It's less that the OS is written in C, but more that literally every single interface to literally anything is either written in C, or isn't meant to be used by multiple languages. C is the de facto standard for interacting with anything not written in your language. Window management, I/O, graphics, everything has a C interface. There aren't even any alternatives (besides just sending a list of bytes through a pipe or something, which noone wants to do for obvious reasons).
> C is the de facto standard for interacting with anything not written in your language.
Not necessarily. C is how your language interacts with the OS if you use the OS's C library. But not all languages do. Go doesn't.
The only thing you have to do to interact with the OS is make system calls. You can do that without going through the C library. It might be a PITA to do it if you're not working on Go for Google, but if that's the real problem, that's what the author of this article should have complained about. (It's actually less of a PITA on Linux because the syscall interface is implemented using software interrupts. Windows is more of a PITA because the OS goes out of its way to make its syscall interface look like a C interface.)
> The only thing you have to do to interact with the OS is make system calls. You can do that without going through the C library.
If by "the OS" you mean "Linux". On Windows, calling syscalls is explicitly unsupported and Microsoft will break you mercilessly by changing syscall IDs between versions. On macOS and iOS, libSystem.dylib is the only supported way to call syscalls; syscalls are SPI and Apple will break you if you try to call them directly. BSDs likewise discourage you from calling syscalls.

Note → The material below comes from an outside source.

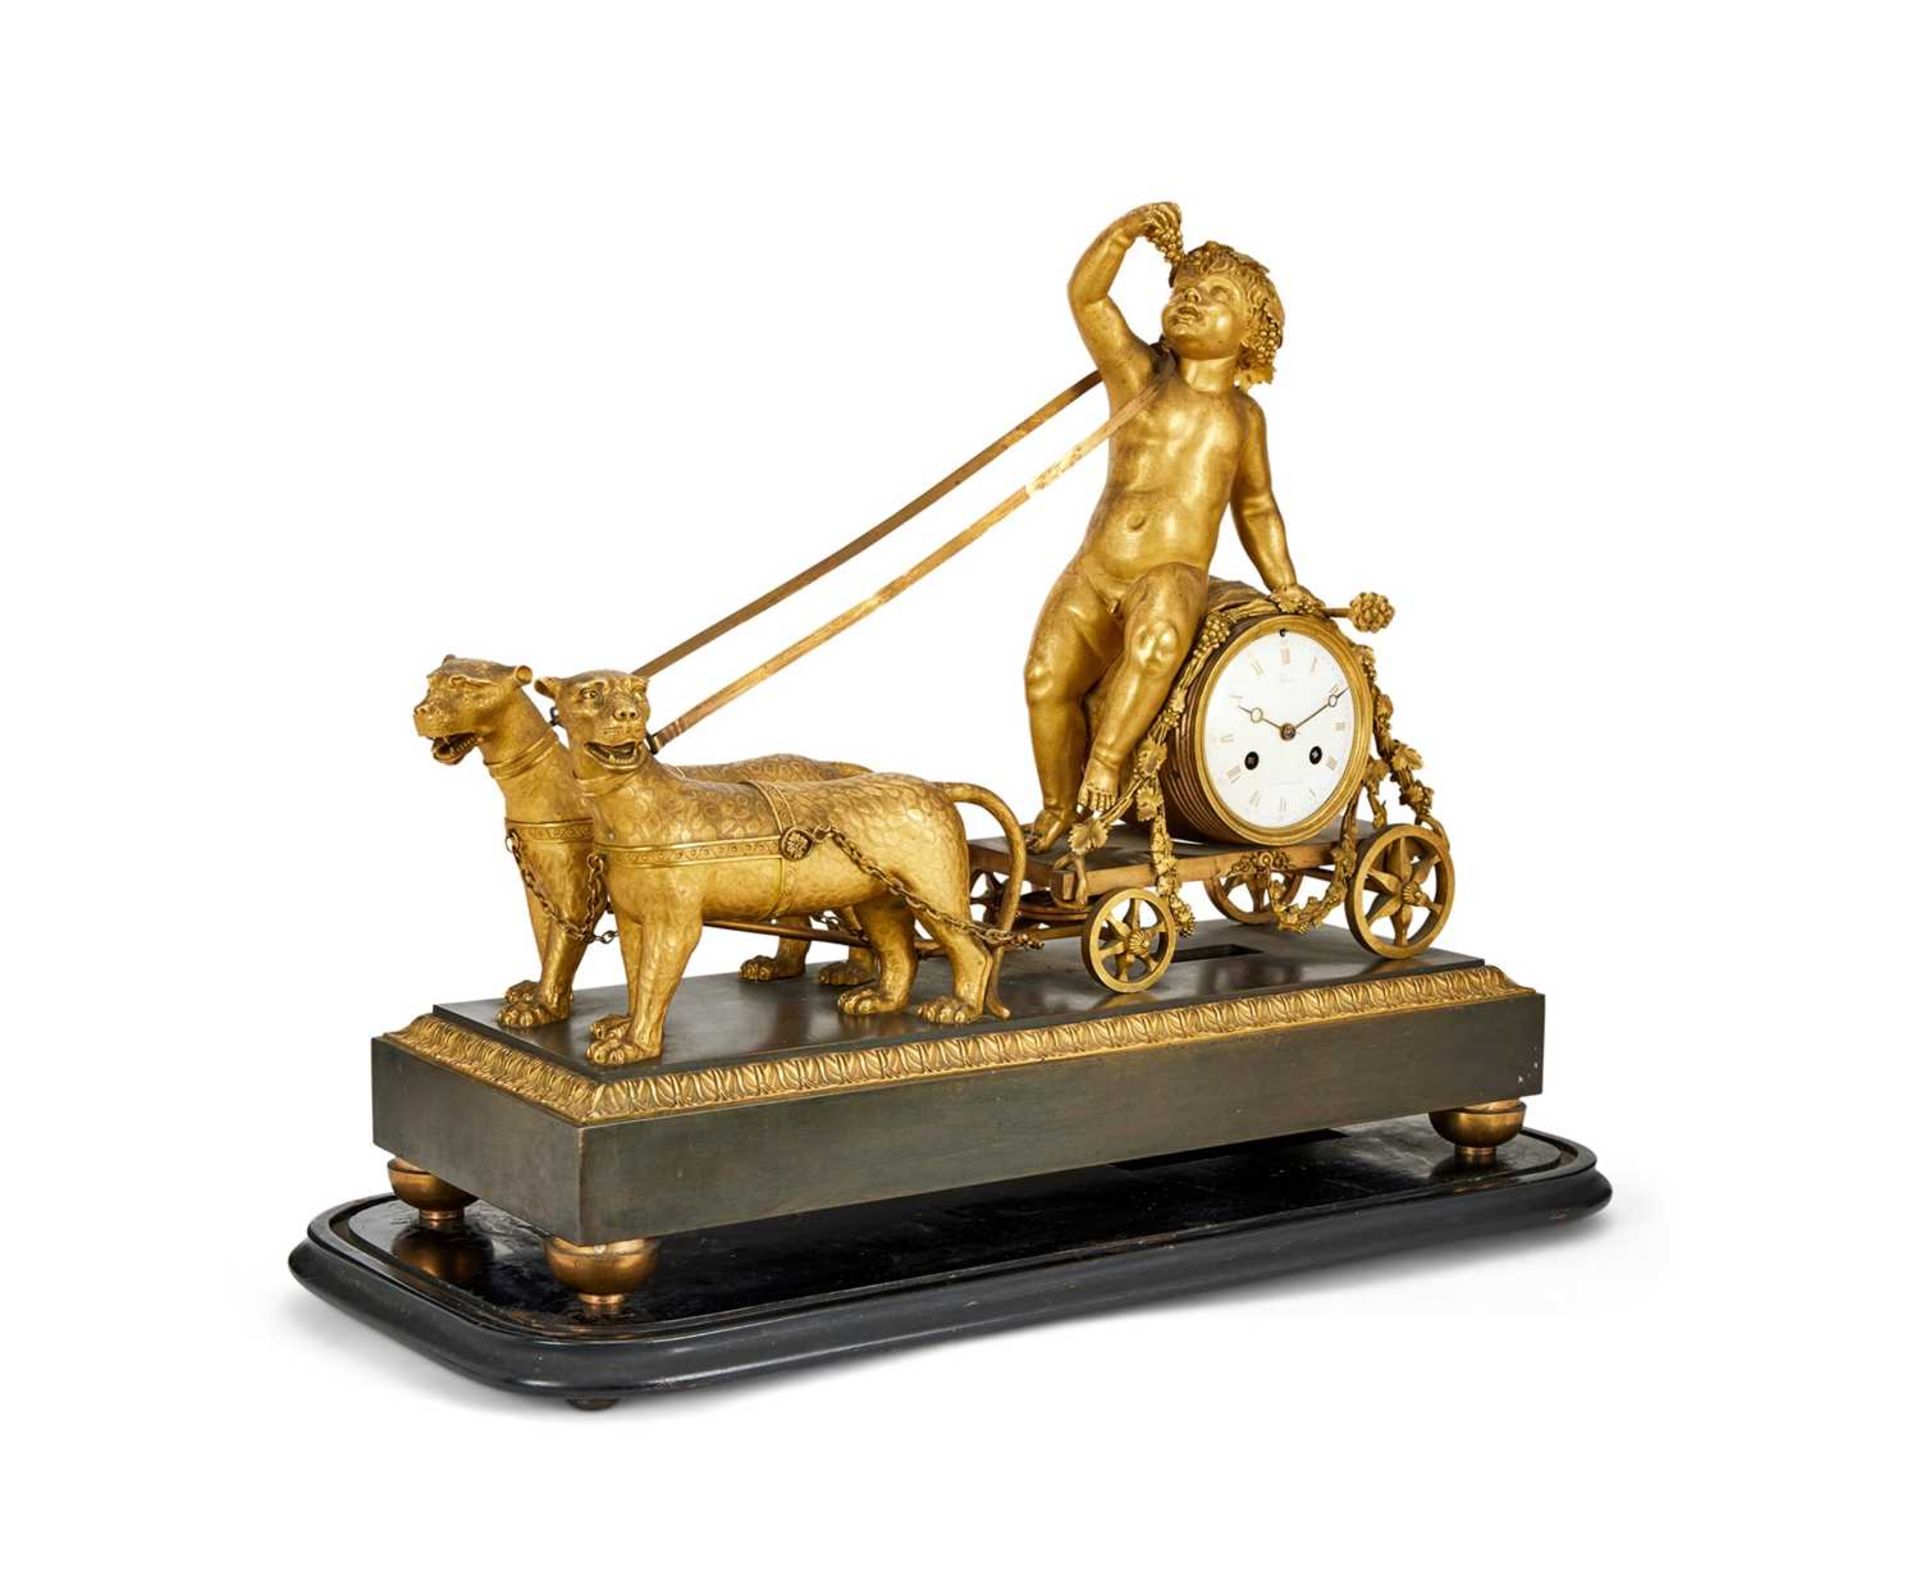 AN EXCEPTIONAL LATE 18TH CENTURY LOUIS XVI PERIOD GILT BRONZE MANTEL CLOCK - Image 2 of 5
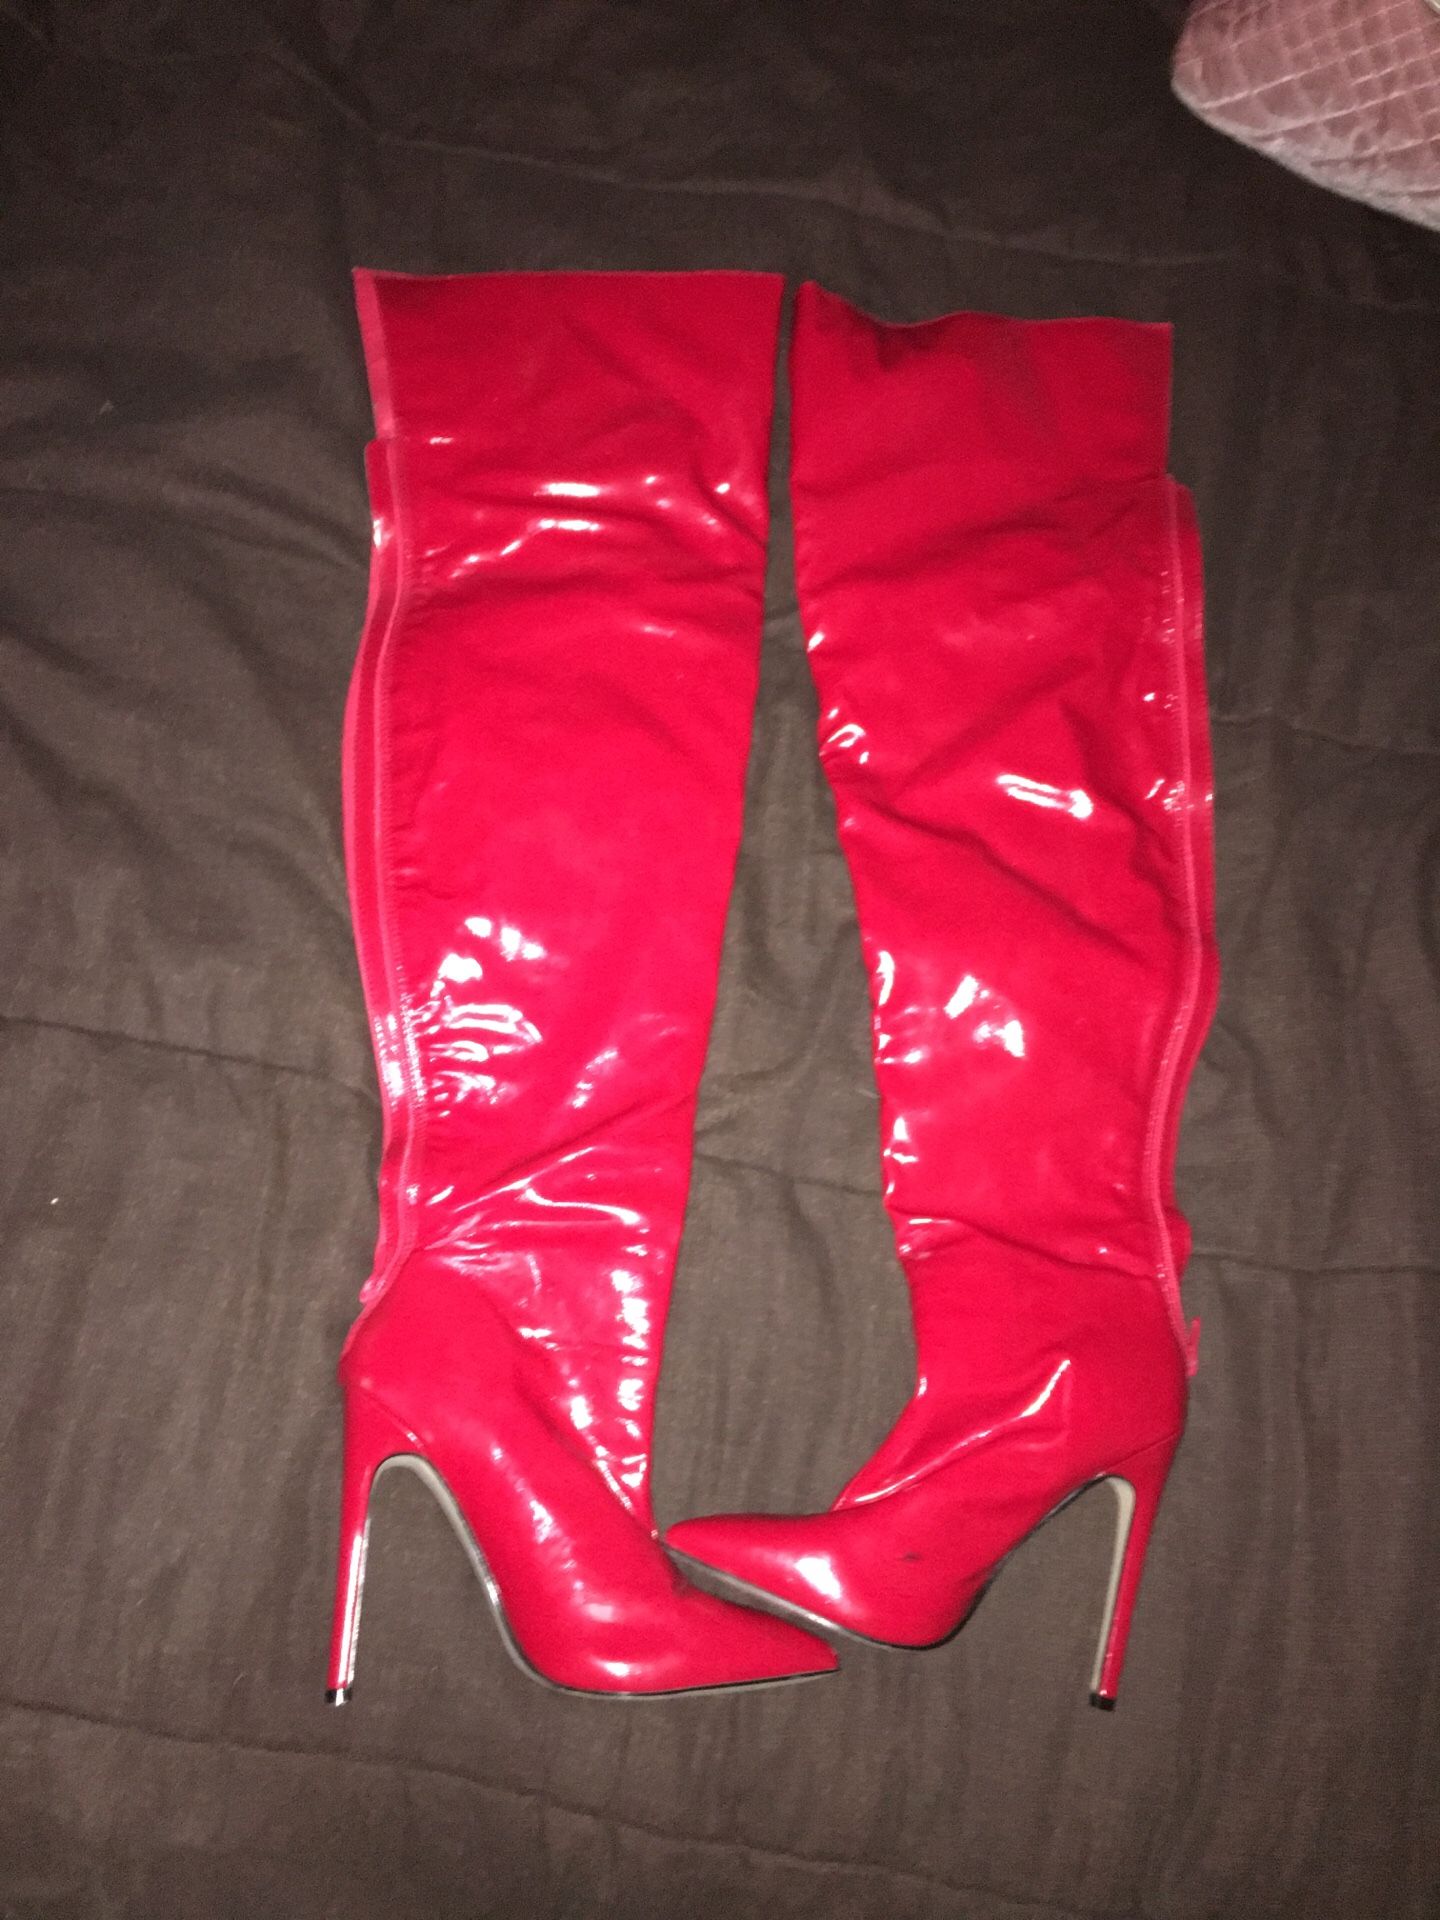 Thigh high red leather boots

The "syscalls are stable API" principle that Linux is famous for is a weird Linux-specific thing; other OS's don't do it.
To enable the same kind of container image portability between kernel versions that Linux has, Microsoft has decided to stabilise the kernel syscall ABI.
> C is how your language interacts with the OS if you use the OS's C library. But not all languages do. Go doesn't.
...on Linux. Pretty much everywhere else, libc is the way to interact with the kernel; even Go goes through libc on ex. Darwin and OpenBSD, because Linux presenting a stable kernel ABI is actually pretty unusual.
I'm less familiar with the Microsoft ecosystem, but I'm pretty sure it is; Microsoft named their libc MSVCRT.DLL, but it's still the canonical system ABI, and NT, AIUI, actively shuffles system calls between builds to prevent people even trying to use them directly.
The rest, and your general point, are fair, though; there's nothing preventing the creation of a system that doesn't work like this.
No, msvcrt.dll isn't the system ABI. It's officially not even part of the OS and you aren't supposed to rely on it existing. Kernel32.dll is the primary entry point for OS things, and it's distinctly not a libc.
> Linux presenting a stable kernel ABI is actually pretty unusual.
Did you mean "portable"? Because the ABI to the Linux kernel system calls is very stable. Literally the 32-bit syscall interface has not changed (except by addition) in 30 years.
The darwin kernel is also pretty stable, except Apple moves so fast from one architecture to the next that they drop support for old ISAs pretty fast. I predict they'll drop support for x86 altogether in ~5 years.
> Did you mean "portable"? Because the ABI to the Linux kernel system calls is very stable.
I think the GP meant that the Linux syscall ABI is indeed very stable and always has been, as you say, but that the syscall ABI of other OSs is not. So Linux is "unusual" in that sense, not in the sense that its syscall ABI is stable now but wasn't in the past.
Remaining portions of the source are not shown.